200 Jahre „Stille Nacht“ 2 - Ein Weihnachtslied wird zur Massenware

Oberndorf (APA) - Die Frage nach Autor und Komponist des zum „Volkslied“ mutierten „Stille Nacht“-Lieds gewann erst im ausgehenden 19. Jahrh...

Oberndorf (APA) - Die Frage nach Autor und Komponist des zum „Volkslied“ mutierten „Stille Nacht“-Lieds gewann erst im ausgehenden 19. Jahrhundert mit dem Einsetzen der Volksliedforschung wieder an Bedeutung. Komponist Franz Xaver Gruber rückte nicht zuletzt auf Betreiben seiner Nachfahren wieder in den Mittelpunkt des Interesses, der Verfasser des Textes Josef Mohr erst im 20. Jahrhundert.

Die Verbreitung des Liedes war aber schon lange nicht mehr zu stoppen. Und es wurde im Lauf der Zeit immer wieder auch als politische Botschaft umgeschrieben. So verfasste etwa der Vortragskünstler Boleslaw Strzelewicz um die Jahrhundertwende (19./20. Jahrhundert) das „Arbeiter Stille Nacht“, in der die erste Strophe lautet: „Stille Nacht, traurige Nacht, ringsherum Lichterpracht! In der Hütte nur Elend und Not, kalt und öde, kein Licht und kein Brot, schläft die Armut im Stroh.“ Im Nationalsozialismus tauchte etwa diese Version auf: „Stille Nacht, heilige Nacht, alles schläft, einsam wacht, Adolf Hitler für Deutschlands Geschick, führt uns zu Größe, zu Ruhm und zum Glück, gib uns Deutschen die Macht!“

Inzwischen soll das Lied in rund 300 Sprachen übersetzt worden sein, auch die Zahl 350 wird genannt. Angaben, die sich allerdings nicht seriös überprüfen lassen. Der Tiroler Heimatforscher Martin Reiter listet in seinem „Stille-Nacht“-Buch rund 120 Übersetzungen auf, darunter etwa auch Zulu, Inuit oder die Gebärdensprache. Auf jeden Fall wird auch hier die Verbreitung des Liedes durch katholische wie evangelische Missionare sichtbar, denn Versionen gibt es in vielen Sprachen indigener Völker; alleine für Maori sind sieben Versionen bekannt.

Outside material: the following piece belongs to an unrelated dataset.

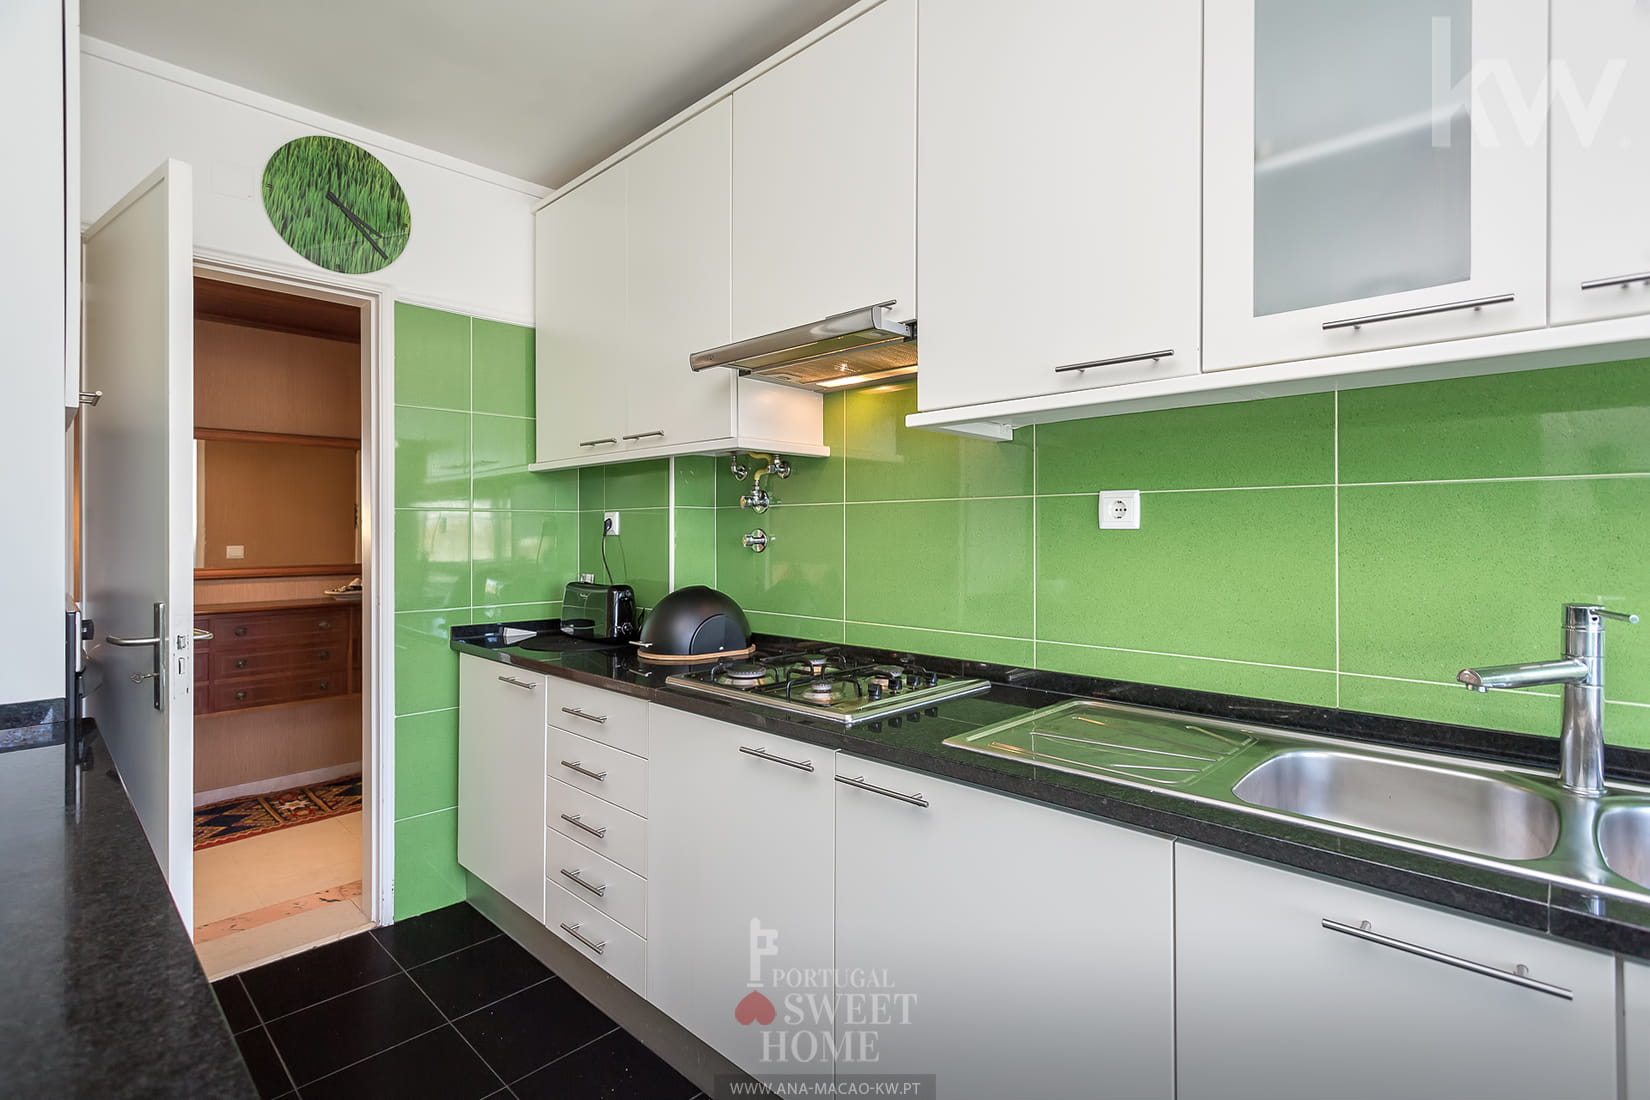 Equipped kitchen (11 m²)

Neben der mündlichen Überlieferung und dem Druck von Liederbüchern und Notensammlungen setzte Ende der 19. Jahrhunderts die Verbreitung von „Stille Nacht“ dank seiner Beliebtheit auch auf Abspielgeräten ein, zunächst auf Spieldosen mit Walzen oder Lochplatten, sowie wenig später auch als erste echte Tonaufzeichnungen, zunächst auf Zylinderwalzen und dann auf Schallplatten bis hin zu den heutigen digitalen Möglichkeiten. Das Weihnachtslied ist zur Massenware geworden. Kaum ein namhafter Interpret kam an dem Lied vorbei. Alleine Bing Crosby verkaufte mehr als 30 Millionen Singles mit dem Titel. Im Museum in der Widumspfiste in Fügen im Zillertal befinden sich über 500 unterschiedliche Aufnahmen auf Vinyl. Heute bringen es auf der Plattform YouTube einzelne Videos zu dem Lied auf über 30 Millionen Abrufe.

Die Entstehung des Weihnachtliedes begann aber auch die Filmindustrie zu interessieren, und zwar bereits zu einer Zeit, als das Kino noch in den Kinderschuhen steckte: 1910 schuf der Filmproduzent Julius Grünbau den dreiminütigen Stimmfilm „Stille Nacht, Heilige Nacht“, der noch heute im Berliner Bundesarchiv lagert. Die Verfilmung „Das unsterbliche Lied“ aus dem Jahr 1934 wurde 1989 im DDR-Filmarchiv wiederentdeckt. 1967 gelangte das Thema mit „The Legend of Silent Night“ mit prominenter Besetzung erstmals ans US-amerikanische Fernsehpublikum. Weitere Spielfilme folgten, daneben gab es aber auch etliche Filmdokumentationen, die erste darunter 1953 in den USA mit „Silent Night: The Story of the Christmas Carol“. Zwei Versionen sind auch als Zeichentrickfilm bekannt, eine aus Australien und eine aus den Vereinigten Staaten.

Und selbstverständlich fand „Stille Nacht“ auch Einzug in die Welt der Literatur - etwa als Kriminalroman - und der Cartoons. Die Peanuts sangen das Lied genauso wie die Simpsons, und selbst Disneys Donald Duck stimmte es an.